Она открылась на случайной странице.
Для тех, кто верит
~
Бывают дни, когда я устаю, когда пальцы тяжелеют, когда больше не могу играть, когда думаю: «К чему все это? Она не придет». Тогда я чувствую себя трусом. Столькие до меня джазовыми ночами уже испытывали подобное, когда медные трубы оттягивают наступление рассвета — в Париже, в Чикаго, в Йоханнесбурге, в притонах, пригородах, подвалах, чопорных церквях, где даже мертвым холодно. Пальцы на клавишах, клапанах, струнах, органе, контрабасе, саксофоне, белые пальцы, черные пальцы — тысячи пальцев куют музыку, чтобы прогнать тишину.
В такие дни я думаю о Дозоре, и к рукам возвращается прежняя красота, полная рвения и молодости. Я член тайного общества — настолько тайного, что в лучшие времена в него входило лишь семь человек. И я не говорю о детских заговорах, выдуманных ради игры. Дозор действительно спас еще не до конца повзрослевших мужчин.
— Тебе в прошлый раз мало было?
Десятого августа тысяча девятьсот шестьдесят девятого Синатра погрозил кулаком, едва я приподнял люк, ведущий на крышу. Вместе с Эдисоном, Безродным и Пронырой они уселись вокруг драгоценного приемника. Проныра тут же выключил радио, однако я успел расслышать голос. Скоро я привыкну к его чарующей интонации, преодолевающей горы и долины. Я узнаю, что даже у ангелов может быть испанский акцент.
Все четверо вытаращились еще сильнее, когда за моей спиной показался Момо.
— Мы хотим вступить в Дозор.
— Отказано, — сказал Проныра и повернулся к Синатре: — Давай, задай им трепку, чтобы лучше дошло.
Синатра подошел и замер, когда увидел, что я не двигаюсь с места. Он достаточно дрался в своей жизни и понимал, что настолько спокойными бывают лишь вооруженные люди. И он был прав. Когда я сунул руку в карман, Синатра отпрянул, ожидая увидеть нож. Однако я достал лист бумаги.
— Это страница из энциклопедии аббата. Если он увидит, что я ее вырвал, мне конец.
Проныра пожал плечами:
— Мест нет. Какая-то страница из словаря ничего не изменит.
— Это не какая-то страница из словаря. Это самая главная страница вообще. Единственная вещь, которую нужно узнать из всей энциклопедии.

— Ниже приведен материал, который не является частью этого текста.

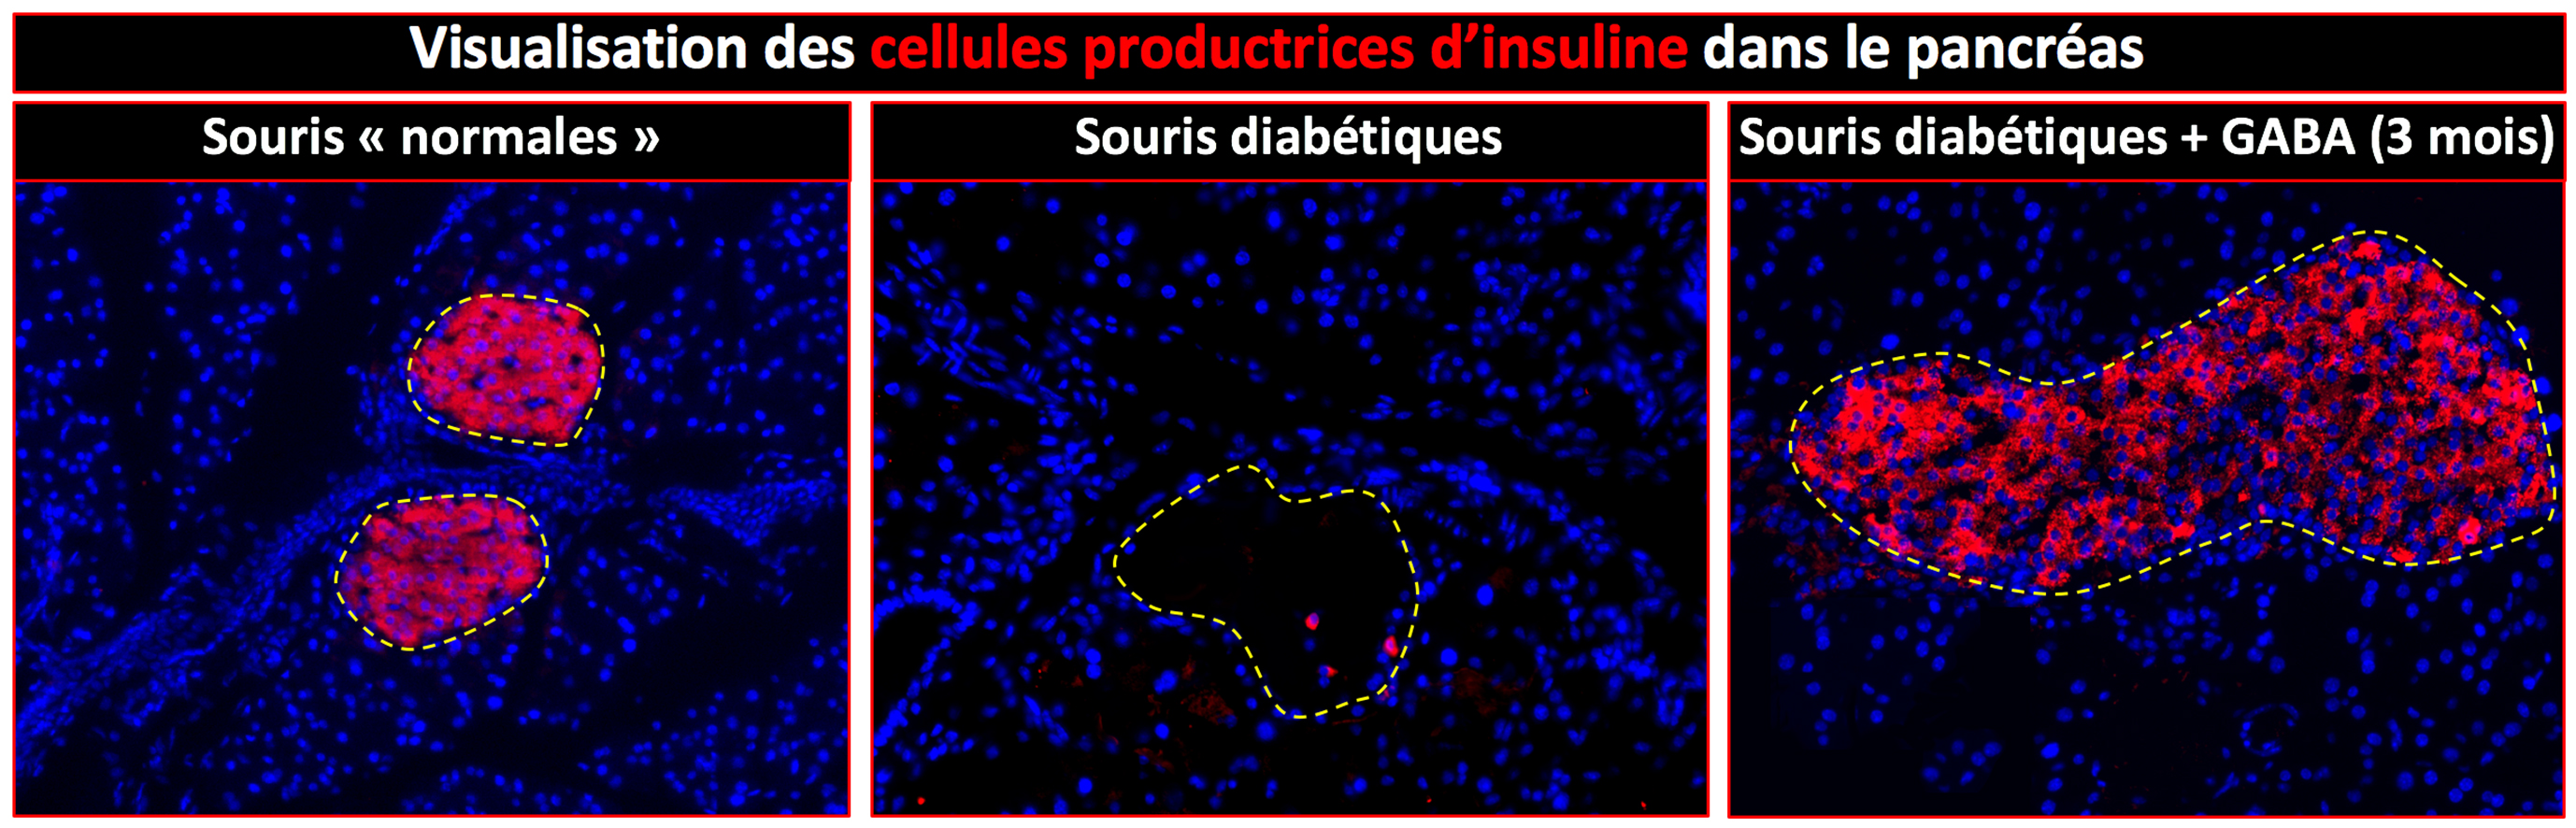 A molecule to regenerate insulin-producing cells in type 1 diabetic patients

Стараясь выглядеть непринужденно, я дрожащими пальцами развернул лист бумаги. Такие вещи невозможно держать в руках и не вспотеть. Все четверо затаили дыхание — обычно так встречают мою игру Бетховена.
Страница начиналась со слова «Вулканология»: «комплексная научная дисциплина, изучающая причины образования вулканов, продукты извержения, строение и т. п.». Надо сказать, ребятам было совершенно плевать на вулканологию. Они уже пялились на следующее слово: «Вульва», под которым красовалась огромная черно-белая иллюстрация в четверть страницы, отданной исключительно под описание
Завороженный этим новым механизмом с невидимыми шурупами, Эдисон пялился, потеряв дар речи. Синатра натянул презрительную, саркастическую усмешку, словно пытался сказать: «Если вы думаете, что я вижу это в первый раз…», однако шишка в его шортах свидетельствовала об обратном. Проныра переводил взгляд с рисунка на меня. Безродный спросил:
— Это медведь?
— Дурак, это девчонка.
Безродный забрал у меня страницу, Эдисон попытался отобрать ее, но вмешался Синатра. Я спокойно поднял руку:
— Все по очереди.
Со священным ужасом они изучали рисунок, и их восхищение было подобно тому, что испытывает человек, глядя на землетрясение. Я долго тренировался в хладнокровии: до посинения пялился на картинку накануне, чтобы привыкнуть, еще не осознавая, что к подобному не привыкнешь никогда.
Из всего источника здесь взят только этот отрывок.